Problem description
Only lines containing the word "Stockfoto" are needed; pull them out of the material.

Material provided
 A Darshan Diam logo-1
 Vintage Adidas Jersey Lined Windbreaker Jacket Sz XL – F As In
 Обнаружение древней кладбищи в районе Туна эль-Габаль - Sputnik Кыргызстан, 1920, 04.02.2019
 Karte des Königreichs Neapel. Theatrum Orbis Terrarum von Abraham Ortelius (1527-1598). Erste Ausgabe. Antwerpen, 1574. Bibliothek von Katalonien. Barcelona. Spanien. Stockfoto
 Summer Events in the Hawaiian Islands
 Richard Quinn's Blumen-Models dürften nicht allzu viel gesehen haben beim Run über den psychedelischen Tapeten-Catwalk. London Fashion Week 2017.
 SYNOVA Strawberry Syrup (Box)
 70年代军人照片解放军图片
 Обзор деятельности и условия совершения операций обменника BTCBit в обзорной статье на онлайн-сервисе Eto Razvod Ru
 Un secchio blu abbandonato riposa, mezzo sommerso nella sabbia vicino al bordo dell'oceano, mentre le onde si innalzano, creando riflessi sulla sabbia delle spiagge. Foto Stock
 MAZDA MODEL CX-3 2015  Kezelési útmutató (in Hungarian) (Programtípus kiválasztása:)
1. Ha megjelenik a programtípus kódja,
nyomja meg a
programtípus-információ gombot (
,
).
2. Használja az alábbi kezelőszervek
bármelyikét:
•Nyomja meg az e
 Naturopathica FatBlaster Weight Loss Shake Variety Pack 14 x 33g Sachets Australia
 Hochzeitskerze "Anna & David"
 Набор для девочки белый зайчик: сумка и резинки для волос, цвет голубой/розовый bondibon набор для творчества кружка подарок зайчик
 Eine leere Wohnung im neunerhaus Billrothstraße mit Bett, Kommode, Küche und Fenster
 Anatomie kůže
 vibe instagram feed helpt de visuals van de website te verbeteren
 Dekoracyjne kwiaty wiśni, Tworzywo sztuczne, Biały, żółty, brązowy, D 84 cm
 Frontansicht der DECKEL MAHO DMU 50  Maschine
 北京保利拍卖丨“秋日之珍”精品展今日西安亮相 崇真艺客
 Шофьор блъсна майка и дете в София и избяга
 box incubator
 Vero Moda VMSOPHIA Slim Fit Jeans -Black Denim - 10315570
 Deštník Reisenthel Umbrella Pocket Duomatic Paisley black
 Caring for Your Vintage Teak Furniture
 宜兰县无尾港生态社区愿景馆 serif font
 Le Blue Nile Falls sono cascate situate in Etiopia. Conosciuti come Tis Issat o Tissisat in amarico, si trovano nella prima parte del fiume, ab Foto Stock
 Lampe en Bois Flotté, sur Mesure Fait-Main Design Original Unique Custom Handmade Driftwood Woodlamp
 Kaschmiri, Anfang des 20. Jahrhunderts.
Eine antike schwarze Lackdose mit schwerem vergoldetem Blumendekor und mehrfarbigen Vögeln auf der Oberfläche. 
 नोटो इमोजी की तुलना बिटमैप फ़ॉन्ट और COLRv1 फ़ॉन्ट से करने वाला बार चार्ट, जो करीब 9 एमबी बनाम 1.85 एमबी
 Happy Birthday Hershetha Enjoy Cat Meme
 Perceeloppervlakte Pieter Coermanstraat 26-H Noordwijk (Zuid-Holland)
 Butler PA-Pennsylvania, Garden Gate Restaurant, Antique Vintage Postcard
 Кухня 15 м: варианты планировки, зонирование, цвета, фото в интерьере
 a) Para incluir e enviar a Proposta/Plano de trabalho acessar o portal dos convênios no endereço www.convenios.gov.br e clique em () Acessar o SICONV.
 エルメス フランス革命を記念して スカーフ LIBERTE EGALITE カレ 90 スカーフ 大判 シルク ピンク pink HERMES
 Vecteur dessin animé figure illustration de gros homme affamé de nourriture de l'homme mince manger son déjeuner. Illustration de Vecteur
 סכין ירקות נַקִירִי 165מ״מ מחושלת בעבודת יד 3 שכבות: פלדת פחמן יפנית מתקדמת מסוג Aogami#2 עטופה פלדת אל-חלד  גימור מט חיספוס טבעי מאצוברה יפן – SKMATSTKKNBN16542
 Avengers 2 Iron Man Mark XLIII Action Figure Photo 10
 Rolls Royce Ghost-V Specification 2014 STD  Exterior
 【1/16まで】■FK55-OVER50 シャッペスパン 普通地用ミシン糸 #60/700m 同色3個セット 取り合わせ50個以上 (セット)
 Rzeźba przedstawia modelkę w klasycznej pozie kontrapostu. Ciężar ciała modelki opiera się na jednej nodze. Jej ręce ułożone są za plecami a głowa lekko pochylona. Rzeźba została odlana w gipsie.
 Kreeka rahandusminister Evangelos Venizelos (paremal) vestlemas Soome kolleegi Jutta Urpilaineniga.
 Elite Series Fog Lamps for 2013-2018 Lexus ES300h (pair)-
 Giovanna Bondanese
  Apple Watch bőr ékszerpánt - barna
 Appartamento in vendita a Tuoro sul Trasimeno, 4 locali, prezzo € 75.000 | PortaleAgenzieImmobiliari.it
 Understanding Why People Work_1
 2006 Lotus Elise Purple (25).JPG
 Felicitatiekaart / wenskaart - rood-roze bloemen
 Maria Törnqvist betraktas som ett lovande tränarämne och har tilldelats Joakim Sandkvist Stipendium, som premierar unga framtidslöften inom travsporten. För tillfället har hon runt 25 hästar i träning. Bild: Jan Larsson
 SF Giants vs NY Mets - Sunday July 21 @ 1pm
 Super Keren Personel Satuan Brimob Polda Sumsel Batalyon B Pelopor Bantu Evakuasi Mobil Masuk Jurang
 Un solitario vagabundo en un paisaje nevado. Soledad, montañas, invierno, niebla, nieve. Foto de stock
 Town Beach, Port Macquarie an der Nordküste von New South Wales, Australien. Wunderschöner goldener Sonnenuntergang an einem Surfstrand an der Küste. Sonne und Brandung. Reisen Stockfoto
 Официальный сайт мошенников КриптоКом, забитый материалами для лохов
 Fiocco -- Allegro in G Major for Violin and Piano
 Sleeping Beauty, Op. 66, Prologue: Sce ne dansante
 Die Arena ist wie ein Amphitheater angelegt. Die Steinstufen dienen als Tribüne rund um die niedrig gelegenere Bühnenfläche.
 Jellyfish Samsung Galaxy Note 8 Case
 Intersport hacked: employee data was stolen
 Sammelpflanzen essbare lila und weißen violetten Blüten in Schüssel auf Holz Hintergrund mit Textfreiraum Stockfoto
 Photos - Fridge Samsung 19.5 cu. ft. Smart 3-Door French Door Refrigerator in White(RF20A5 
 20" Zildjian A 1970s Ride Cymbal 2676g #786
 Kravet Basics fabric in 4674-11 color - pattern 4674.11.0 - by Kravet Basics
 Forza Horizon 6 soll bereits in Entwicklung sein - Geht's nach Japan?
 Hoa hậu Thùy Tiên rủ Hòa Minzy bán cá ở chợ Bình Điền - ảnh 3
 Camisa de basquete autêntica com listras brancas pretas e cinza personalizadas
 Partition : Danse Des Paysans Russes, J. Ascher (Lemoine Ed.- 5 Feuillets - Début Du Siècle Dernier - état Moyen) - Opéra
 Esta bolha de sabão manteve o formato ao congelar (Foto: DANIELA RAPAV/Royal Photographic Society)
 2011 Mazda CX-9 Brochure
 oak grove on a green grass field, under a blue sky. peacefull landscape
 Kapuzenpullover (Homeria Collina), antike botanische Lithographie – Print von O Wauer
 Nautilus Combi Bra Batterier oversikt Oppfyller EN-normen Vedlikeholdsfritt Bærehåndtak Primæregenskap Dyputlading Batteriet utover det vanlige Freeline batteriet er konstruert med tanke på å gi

Task output
 Karte des Königreichs Neapel. Theatrum Orbis Terrarum von Abraham Ortelius (1527-1598). Erste Ausgabe. Antwerpen, 1574. Bibliothek von Katalonien. Barcelona. Spanien. Stockfoto
 Town Beach, Port Macquarie an der Nordküste von New South Wales, Australien. Wunderschöner goldener Sonnenuntergang an einem Surfstrand an der Küste. Sonne und Brandung. Reisen Stockfoto
 Sammelpflanzen essbare lila und weißen violetten Blüten in Schüssel auf Holz Hintergrund mit Textfreiraum Stockfoto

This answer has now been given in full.